# Information provided:
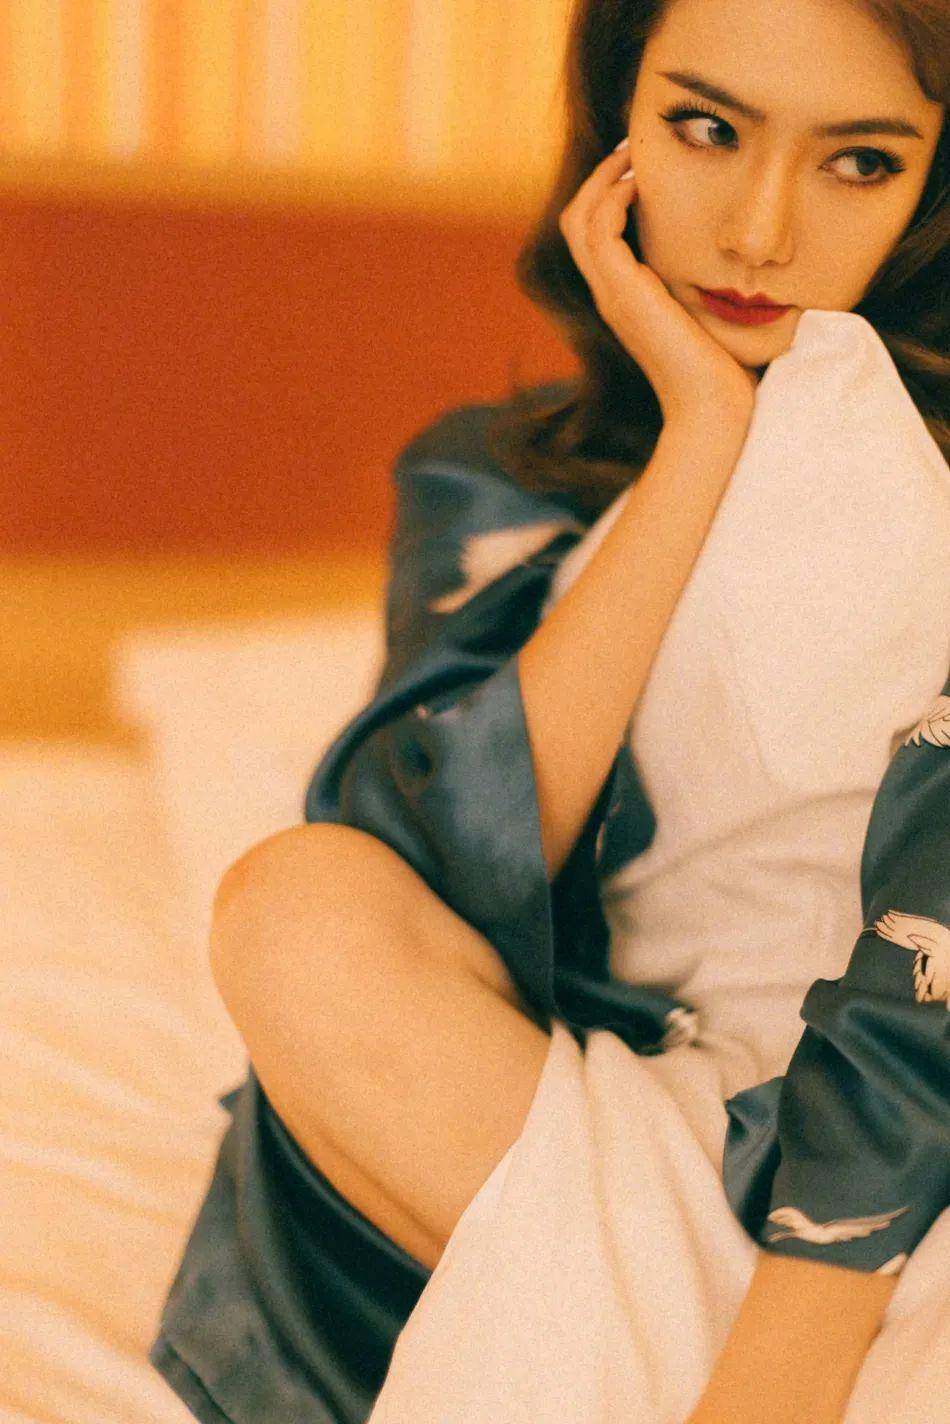 戚薇,1984年10月26日出生在四川成都,她有四分之一韩国血统.
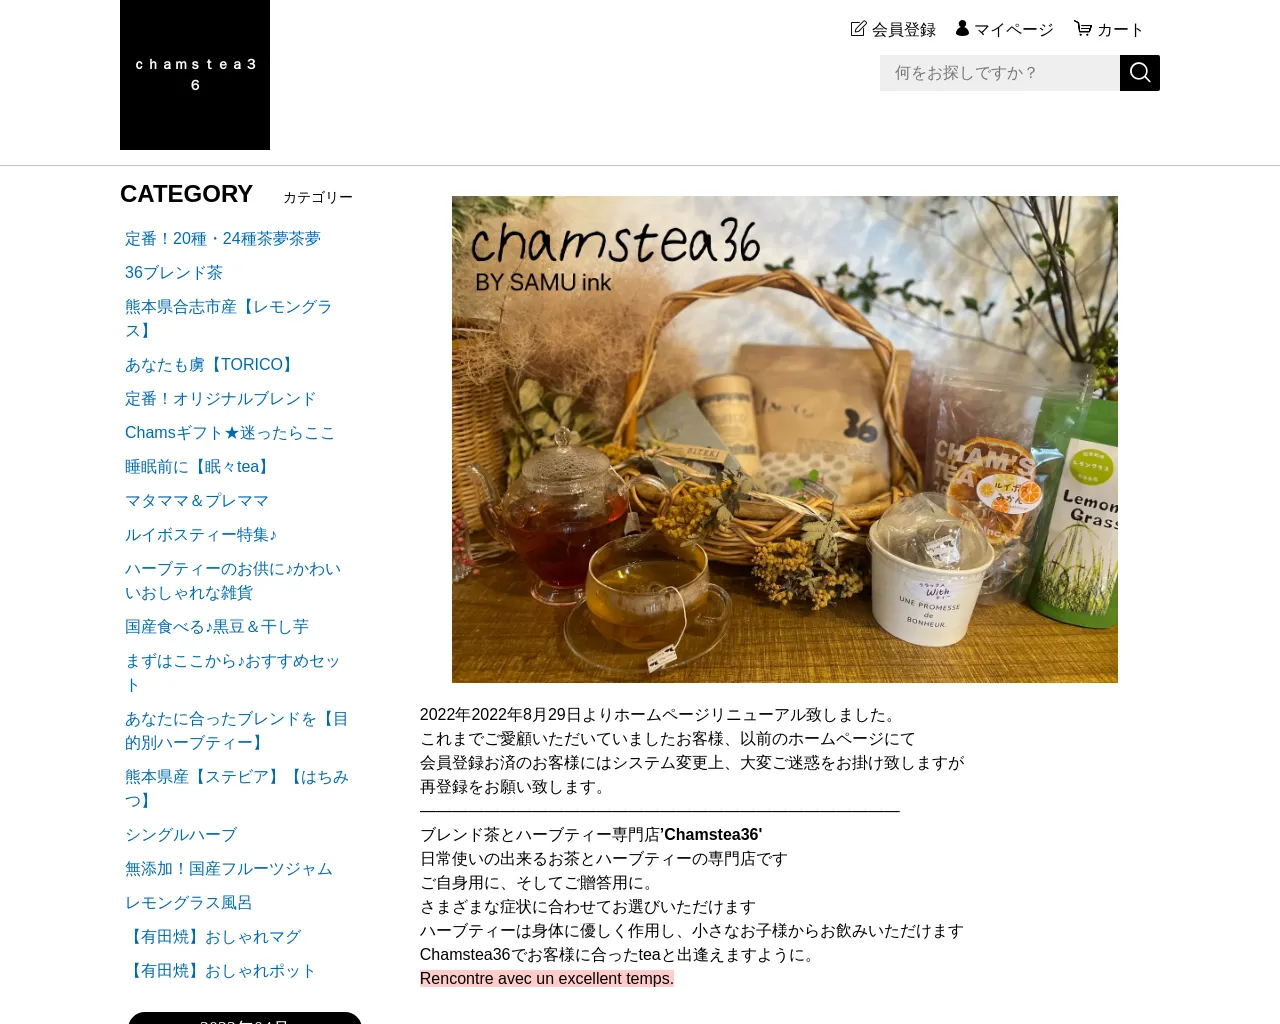 Cham's tea36 site
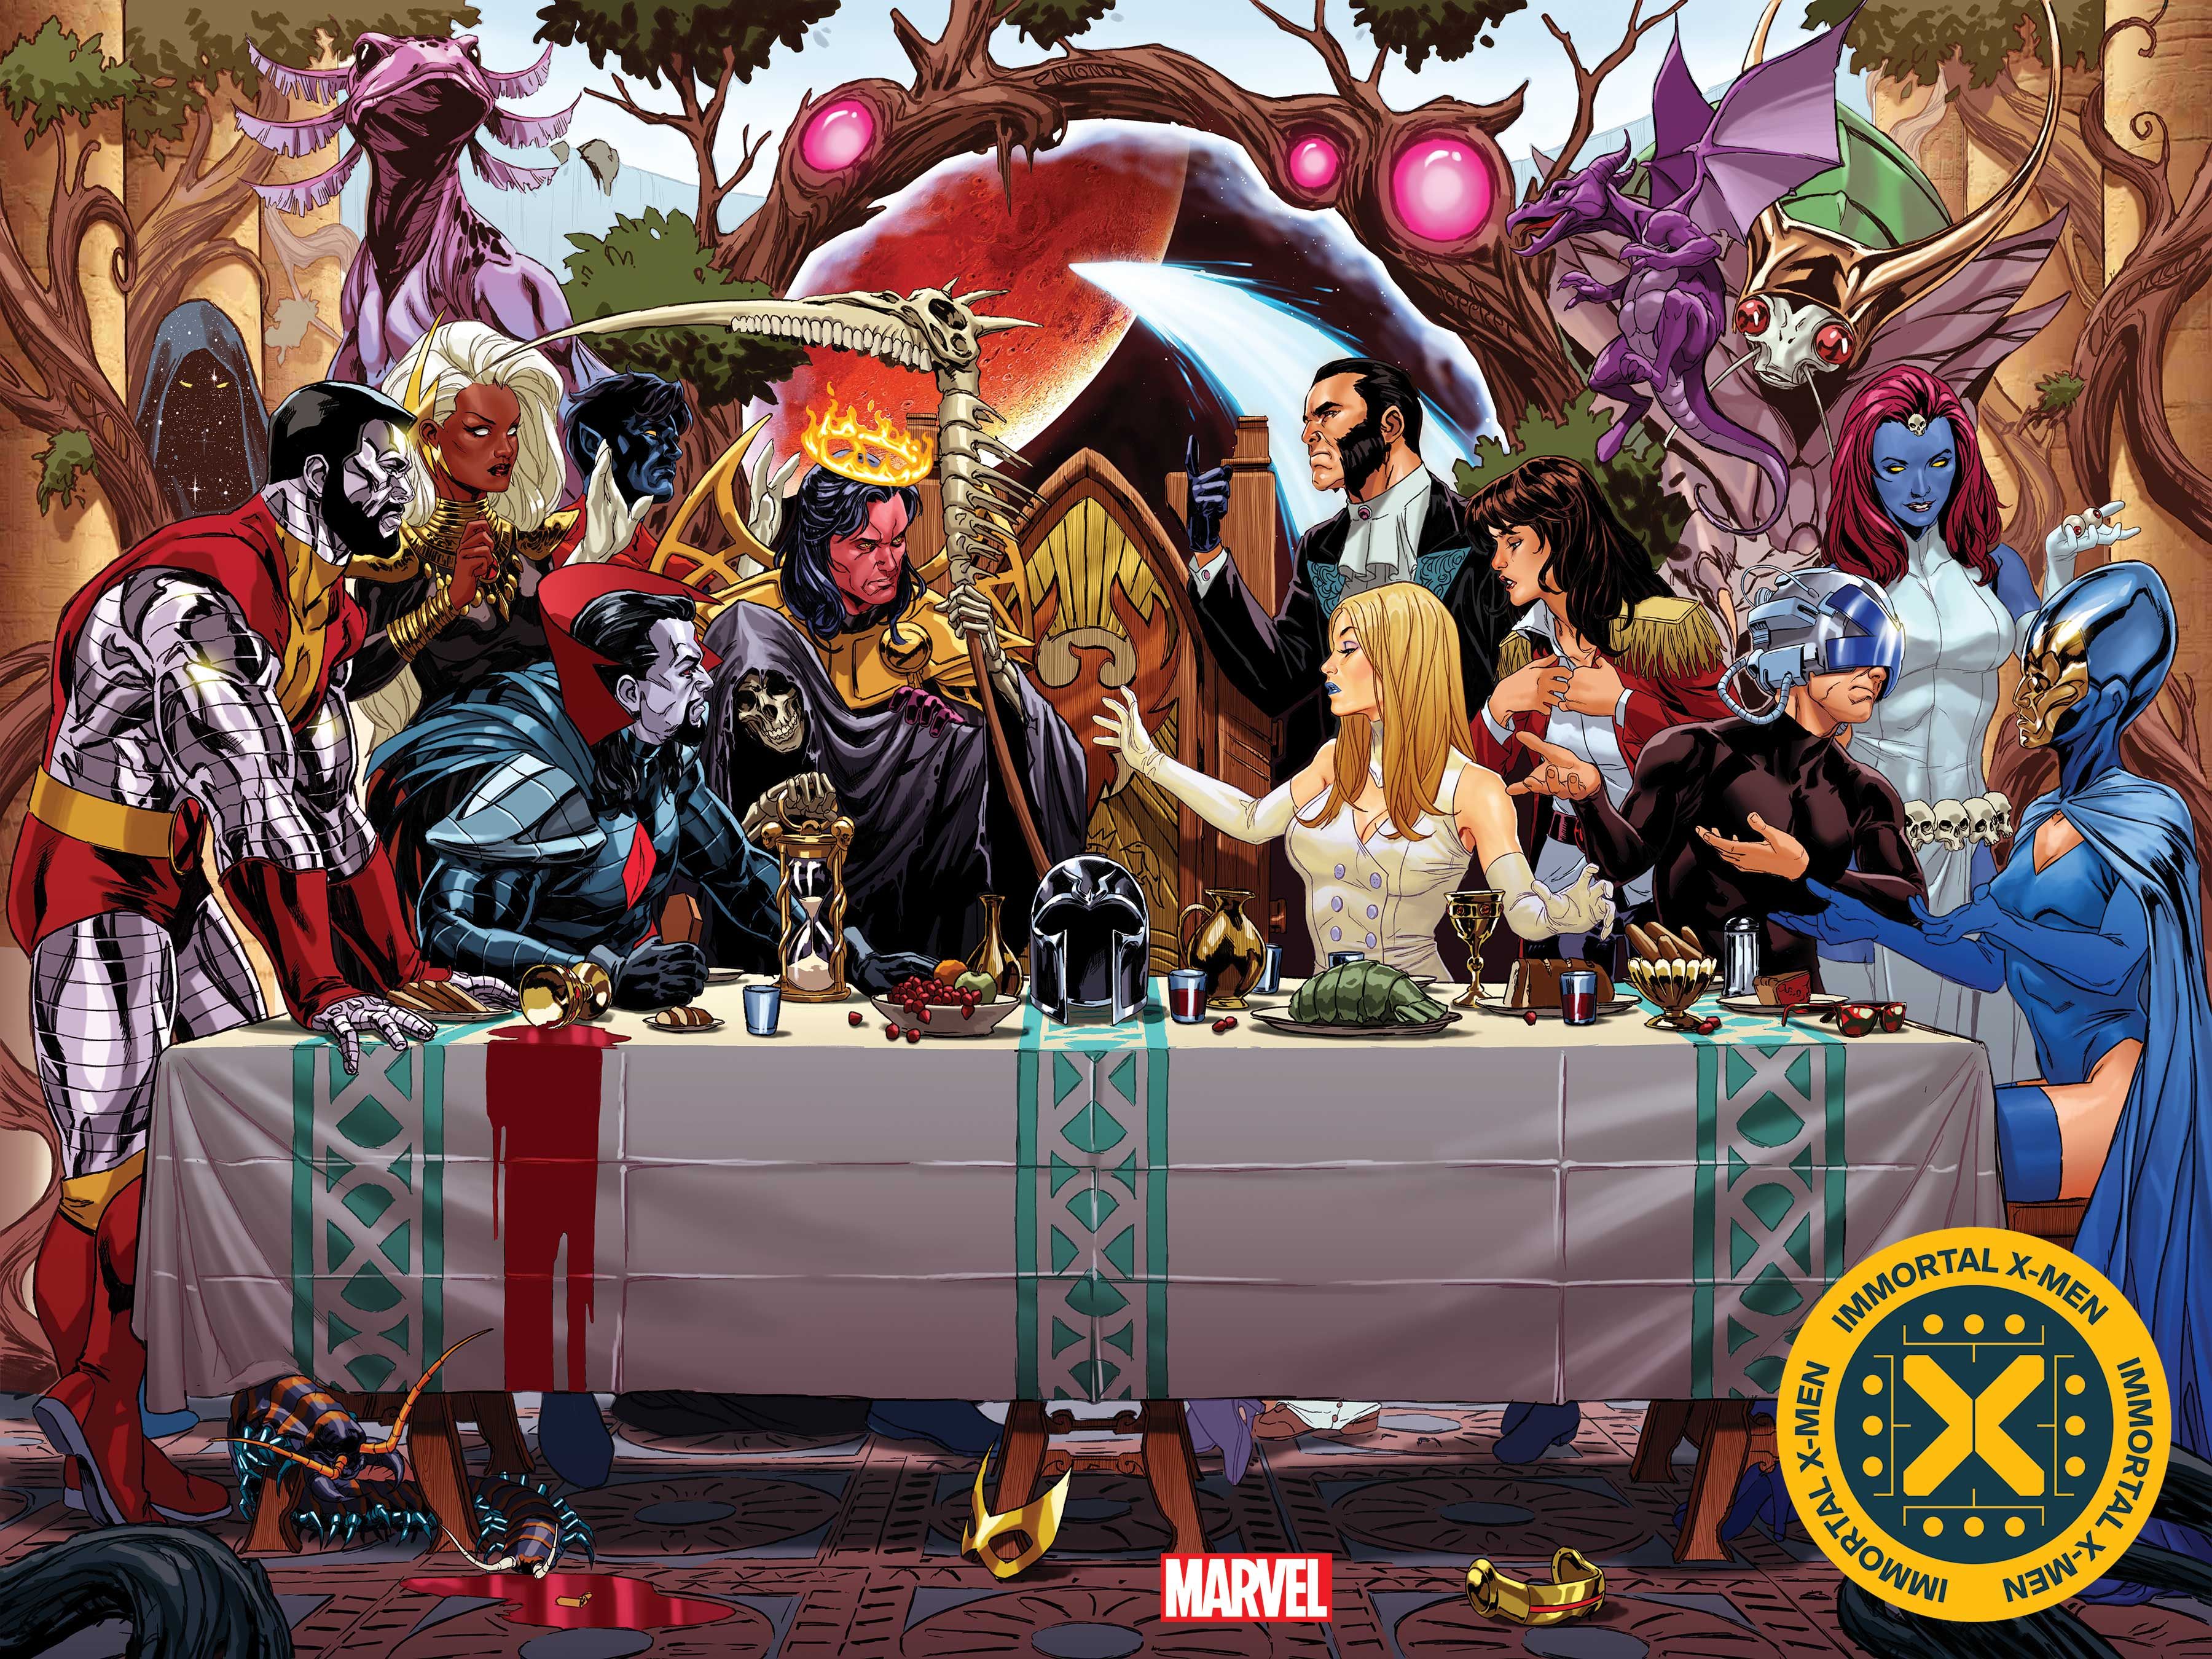 X-Men Immortal X-Men Cover

# Description of the task:
Please print the entire listing again exactly, minus its images.

# Final answer:
 戚薇,1984年10月26日出生在四川成都,她有四分之一韩国血统.
 Cham's tea36 site
 X-Men Immortal X-Men Cover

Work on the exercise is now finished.